Fig. 5 Number of adherent bacteria about roughness[52]
(1) Nano-roughness
When the roughness is minor (Ra:0.23-6.13 nm), smooth surfaces under
static conditions are more conducive to bacterial adhesion; as the
surface roughness decreases, the more bacteria adhere to the surface[53-56]. This phenomenon is associated with
cellular metabolic activity, such as an increase in bacterial size and
an increase in EPS production on smooth surfaces[54-55]. For example, the adhesion ofStaphylococcus aureus decreases with increasing nanostructure
size. This is because the macromolecules on the bacterial cell wall can
only bind the top region of the material surface, and the top part
decreases with increasing nanostructure size [57],
as shown in Figure 6(a).
When the roughness is relatively large (Ra:6-30 nm), the rough surface
is more conducive to bacterial adhesion. The number of bacteria adhering
to the surface increases as the surface roughness increases[58-60]. For example, oral restorative materials
with greater roughness and surface energy can increase the adhesion of
S. aureus [61]. A saliva coating alters this
causal relation, and the layer may change the surface roughness[12].

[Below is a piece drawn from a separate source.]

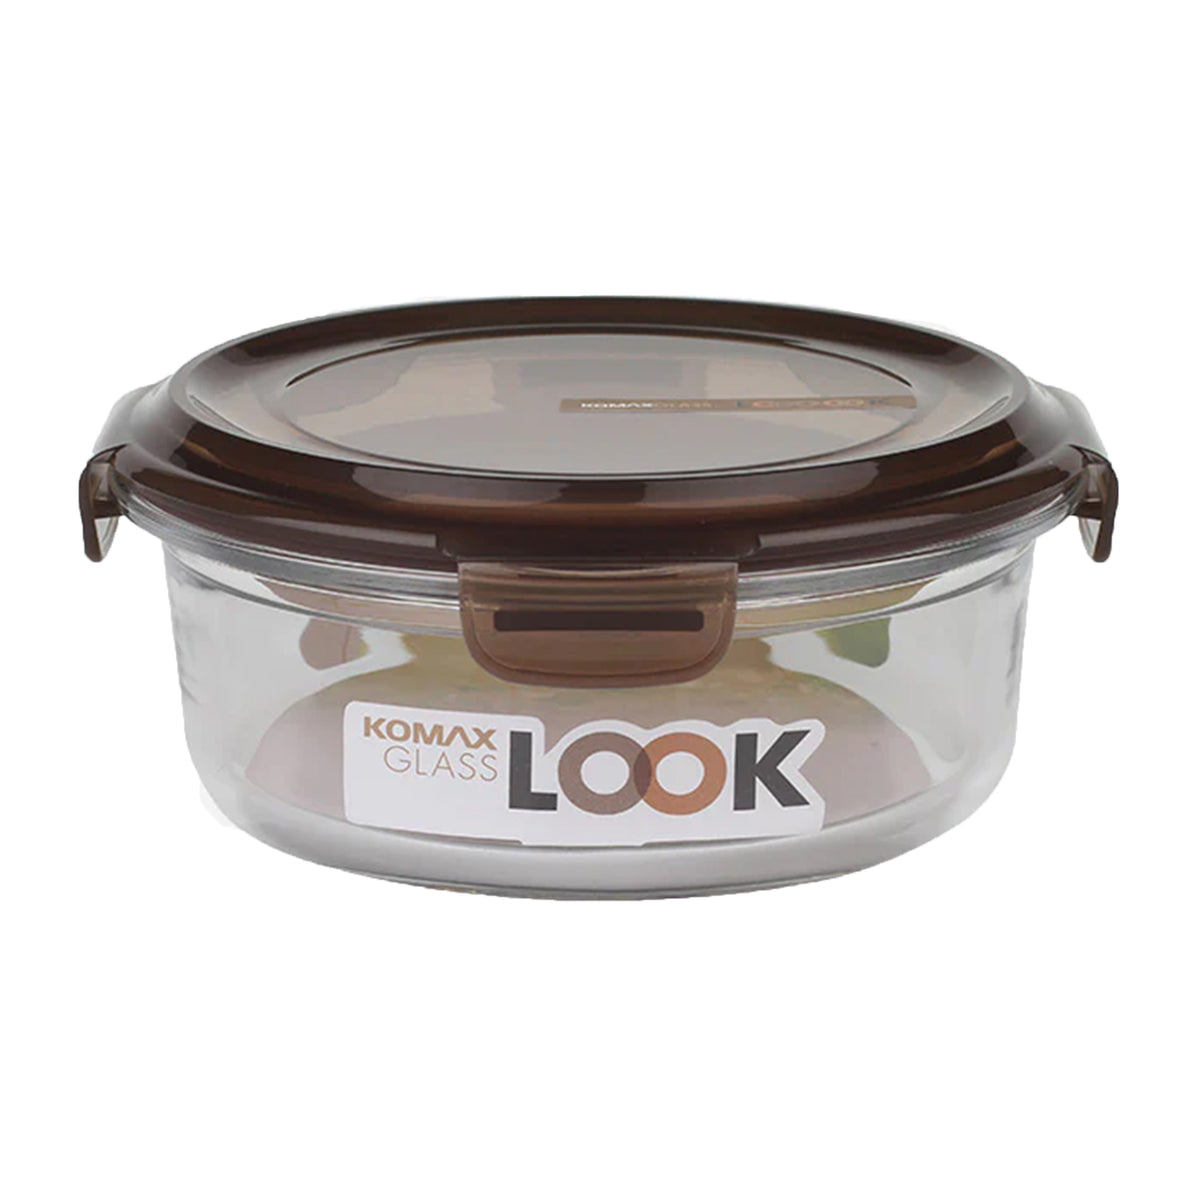 Sealable round glass food storage container

(2) Submicron and micron roughness
Many researchers have reported that bacterial adhesion positively
correlates with the submicron or micron-scale roughness[62-67]. The adhesion force between bacteria and
surfaces with submicron scale roughness was enhanced as the roughness
increased until the necessary roughness was reached[68-70]. Bacteria attached to rougher surfaces
have more obvious deformation. More considerable deformation of bacteria
could increase the contact area and the adhesion force. If the roughness
of the character is so high, the bacteria on the bacterial probe could
only touch the protruding parts of the surface [63,
70], as shown in Figure 6 (b). Higher roughness didn’t further
promote the initial adhesion in static culture conditions. At the same
time, the deep valleys on the rough surface could trap bacteria and
protect them from the sheer force of the washing procedure, as shown in
Figures 6 (b) and 6 (d).
Compared with Ra, peak density (Spd) also has a
significant effect on bacterial adhesion, especially at lower roughness[73]. Siegismund et al. combined the XDLVO theory
with the surface element integration method to compare the impact of Ra
and S PD on bacterial adhesion on rough titanium surfaces[70], as shown in Figure 6. The calculation result
revealed that when the average roughness was low (Ra < 70 nm),
the interaction energy had a negative correlation with the peak density;
when the average roughness was higher (Ra > 150 nm), the
interaction energy only depended on Ra.